==== GIVEN MATERIAL
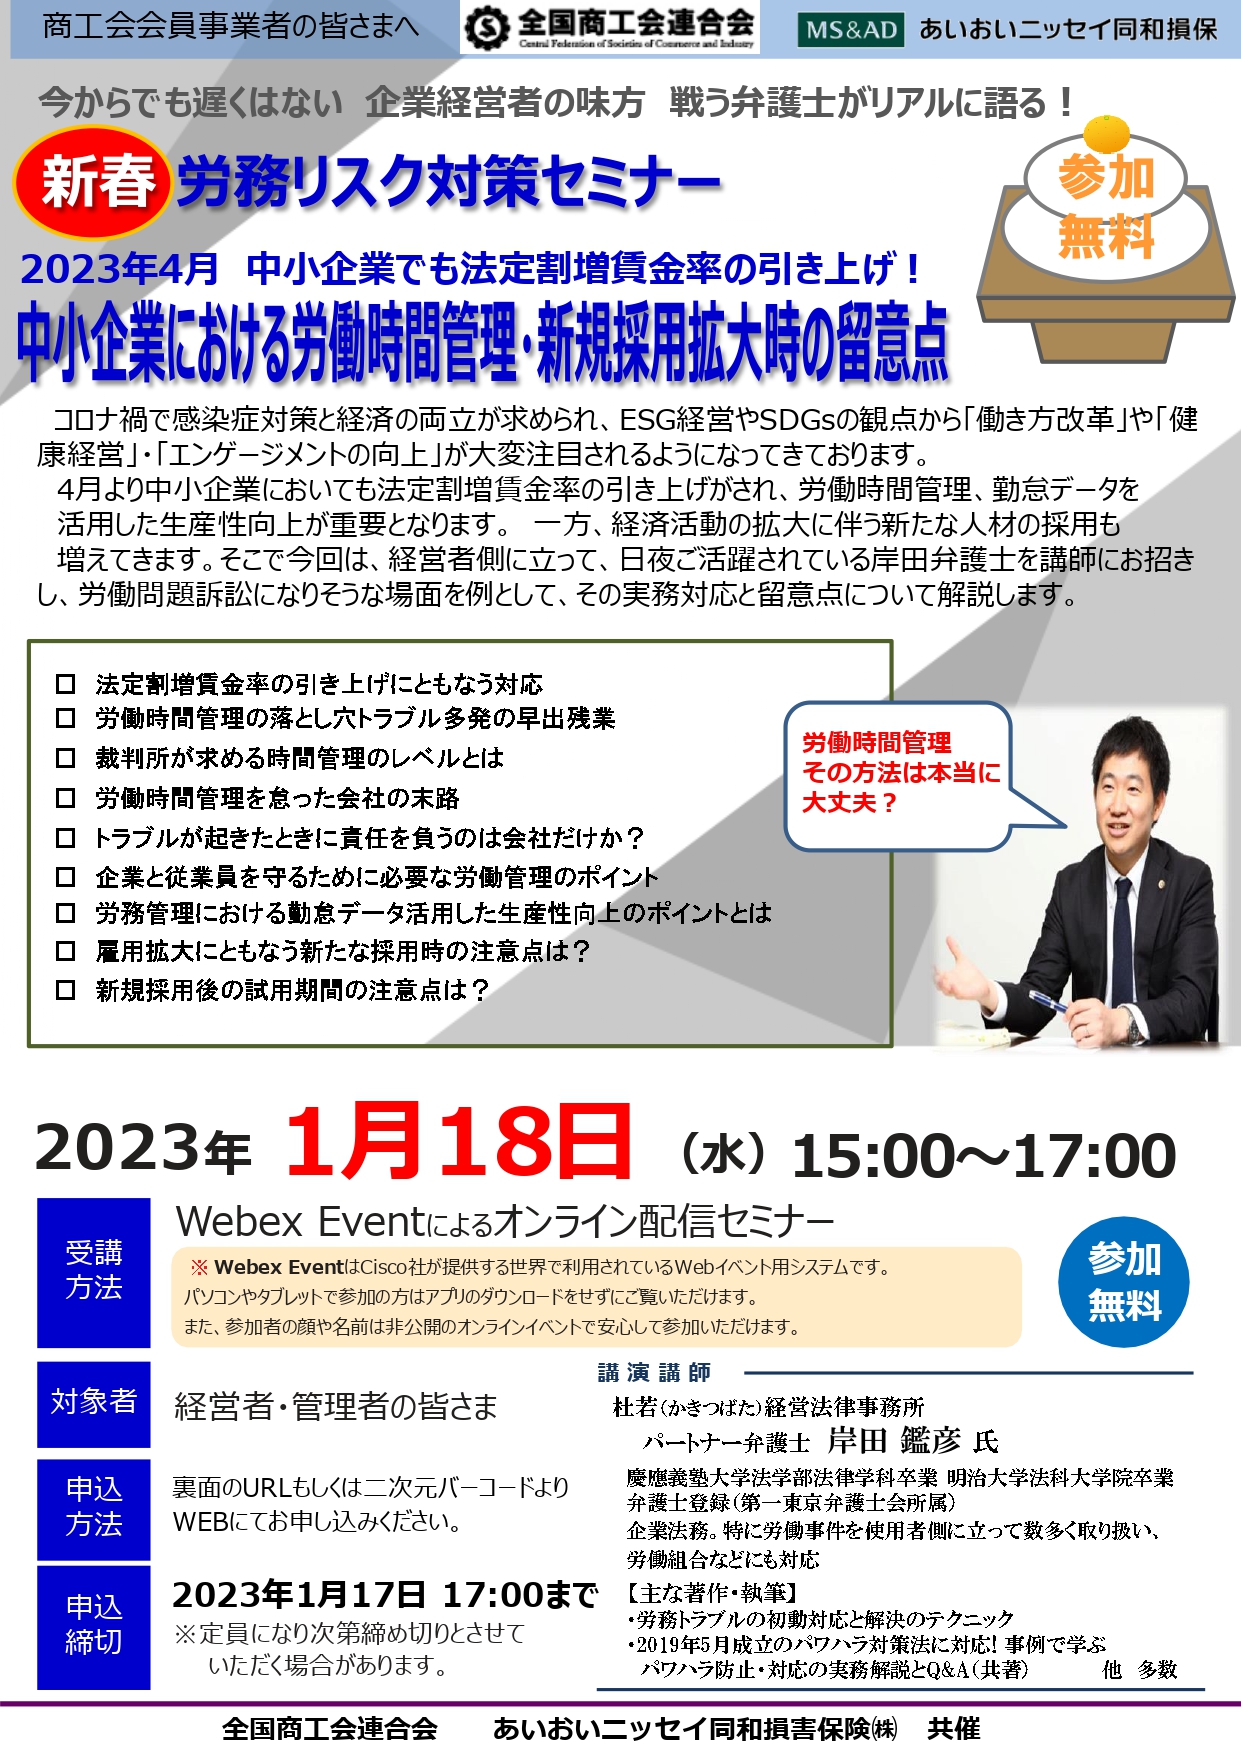 【1月18日】「労務リスク対策セミナー」の開催について
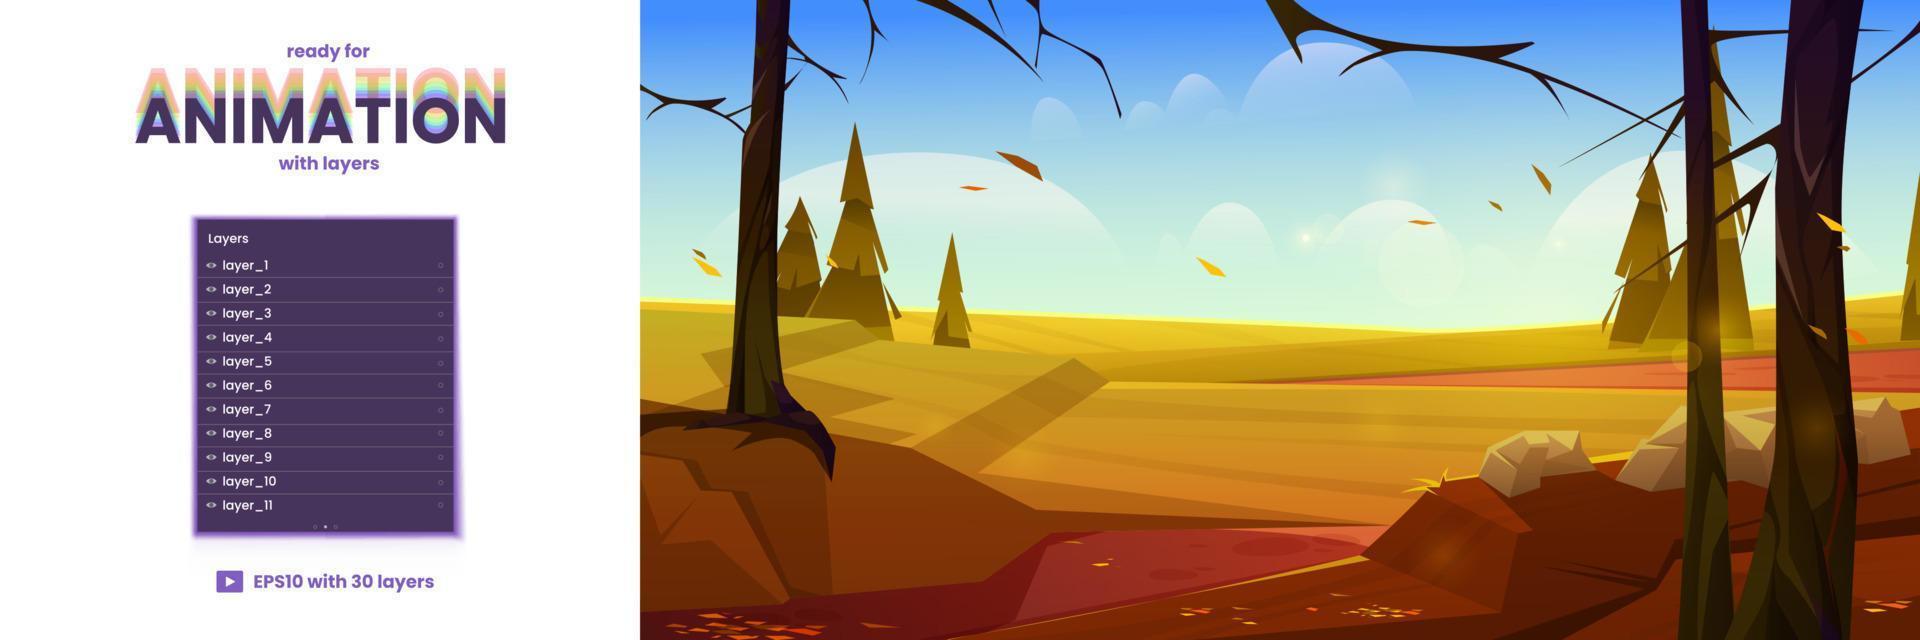 camadas de animação de paisagem de natureza de outono dos desenhos animados vetor
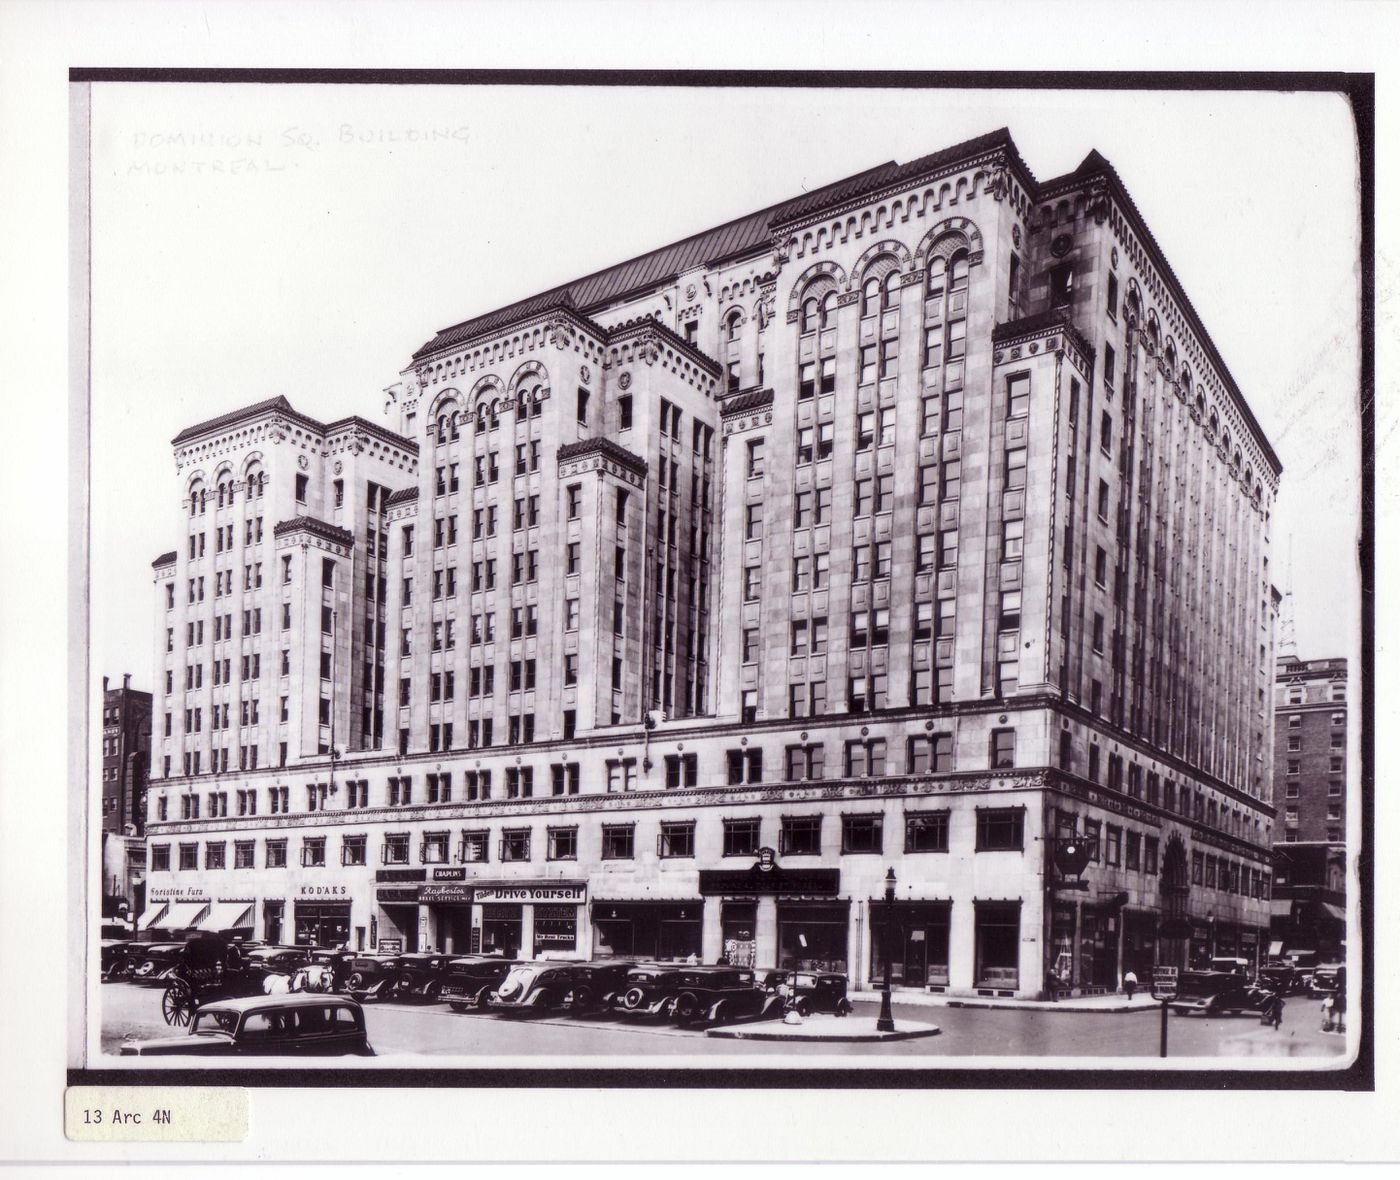 Dominion Square Building, Dominion Square and Metcalfe Street facades
========
> WHAT IS REQUIRED: Everything in the listing must be copied exactly except the pictures.

> OUTPUT BELOW:
 【1月18日】「労務リスク対策セミナー」の開催について
 camadas de animação de paisagem de natureza de outono dos desenhos animados vetor
 Dominion Square Building, Dominion Square and Metcalfe Street facades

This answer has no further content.